Are you prepared to be a landlord?

Being a landlord is a big responsibility, and tenants are directly impacted by the current climate of higher interest rates by landlords who attempt to increase rents in order to maintain a profit margin. It is for the individual to ask themselves to what extent they can justify doing so whilst bearing in mind everybody is affected by the increased cost of living. If tenants cannot afford higher levels of rent, compromise may be required. It is not a given that your buy-to-let property will always generate a profit, and being a landlord comes with obligations. Properties in areas with better rental yields may not be located close to the where the landlord lives, and landlords should consider if they’re able to fulfil their obligations to tenants practically. The stocks and shares you could invest in instead are not likely to call you on a weekend about property maintenance requiring your attention – being a landlord might not be right for everyone.

buy to let

The Potential for Opportunity

Many current Buy-to-Let investors are reconsidering the market now given higher mortgage costs / lower borrowing / greater landlord responsibilities. As a result a number of these properties will end up going to homeowners, not landlords. This will reduce the BTL property stock.

Should this continue it is highly likely that rental prices would go up (basic supply and demand) so new or existing landlords could have opportunities to buy in a market where house prices have fallen / falling and rents could be due for a reasonable period of increases.

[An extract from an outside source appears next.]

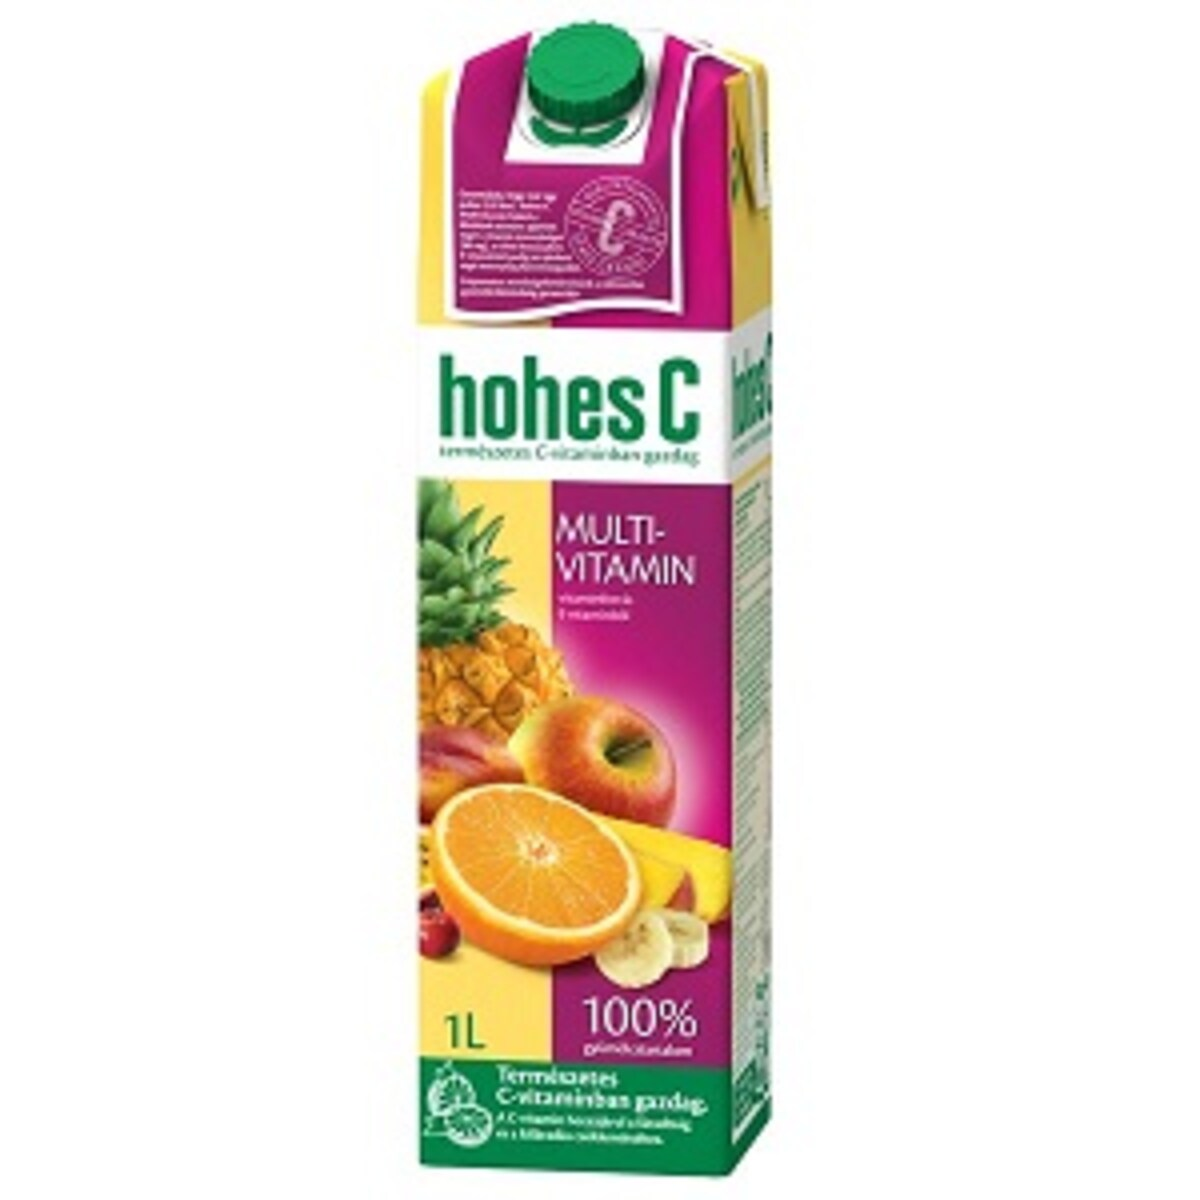 Hohes C Мултивитамин 100% плодов микс
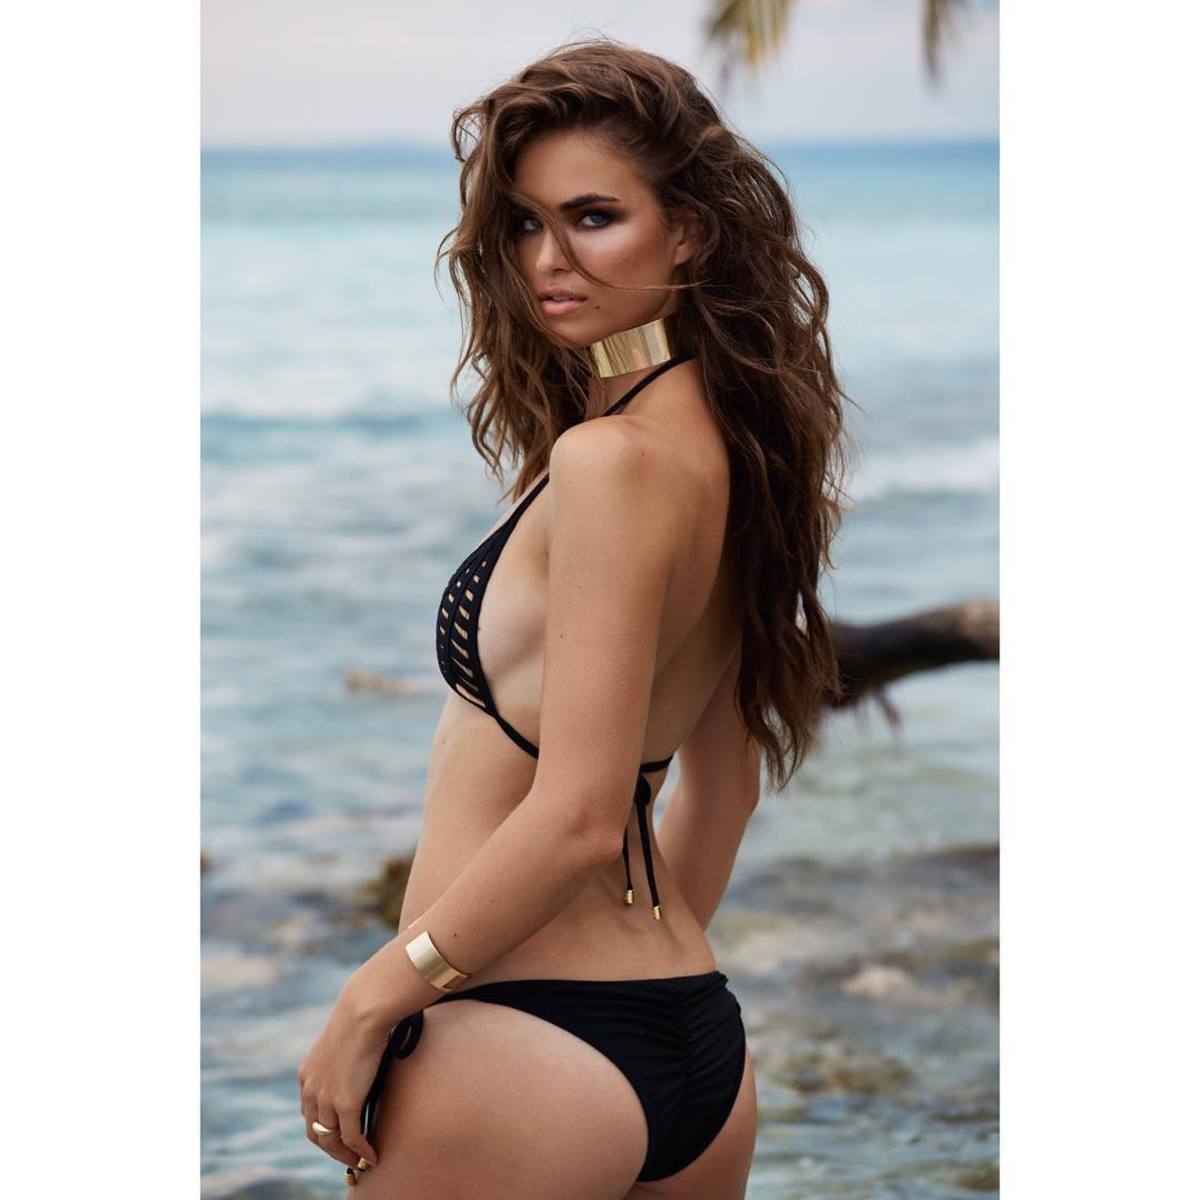 Robin-Marjolein-instagram-5.jpg

In summary, the buy-to-let market is more difficult to enter for the first time in many years, with loan amounts and rental profit margins diminished. For those with existing mortgages, the options for refinancing are far fewer.

Despite that, there is no need to panic and sell existing property holdings due to what is – hopefully – short-term pain. Buy-to-let is still a viable option for the right investor, investing for the right reasons, with realistic expectations about the availability of finance and the timescales that may be required to realise a meaningful return.


What to Know About How the Economic Climate Affects Buy-to-Let Mortgages

Lenders use a calculation to stress test whether or not the rental income for a buy-to-let property will cover the mortgage payments when deciding how much to lend. If interest rates are higher, this means less rental coverage, and the borrowing amounts on offer are currently much lower than in previous years as a result.

For those with existing mortgages, this may mean that a remortgage is not possible as the rental income is no longer deemed by most lenders to provide adequate coverage, and lenders view this as too risky as a result. Even if you have not borrowed any additional funds since the mortgage was taken out to begin with, you may find there are very few or no options to remortgage to a new lender when you have a fixed rate coming to an end, particularly for loans with a higher loan-to-value (LTV). A product transfer – choosing a new product with your existing lender – should still be available in most cases, but it means borrowers won’t have the luxury of shopping around for better rates which may be available elsewhere. An independent mortgage broker will be able to let you know what is viable and lowest in cost.

For those considering purchasing a new property, reduced borrowing capacity means a higher deposit is likely to be required. Loans of 75%-80% of the property value are still theoretically available, but in practice this is not achievable in the vast majority of cases at present. Realistically, you can expect to require a deposit of 40% or more unless the rental yield for the property in question is particularly strong. It may be possible to increase the borrowing by factoring in surplus earned income with some lenders – known as ‘top-slicing’ – but for most people the additional capital required for deposits creates a higher bar for entry to the buy-to-let market.



Note: If you are considering the buy-to-let market please seek expert advice from a qualified mortgage advisor who will be able to assess your circumstances and provide personalised advice.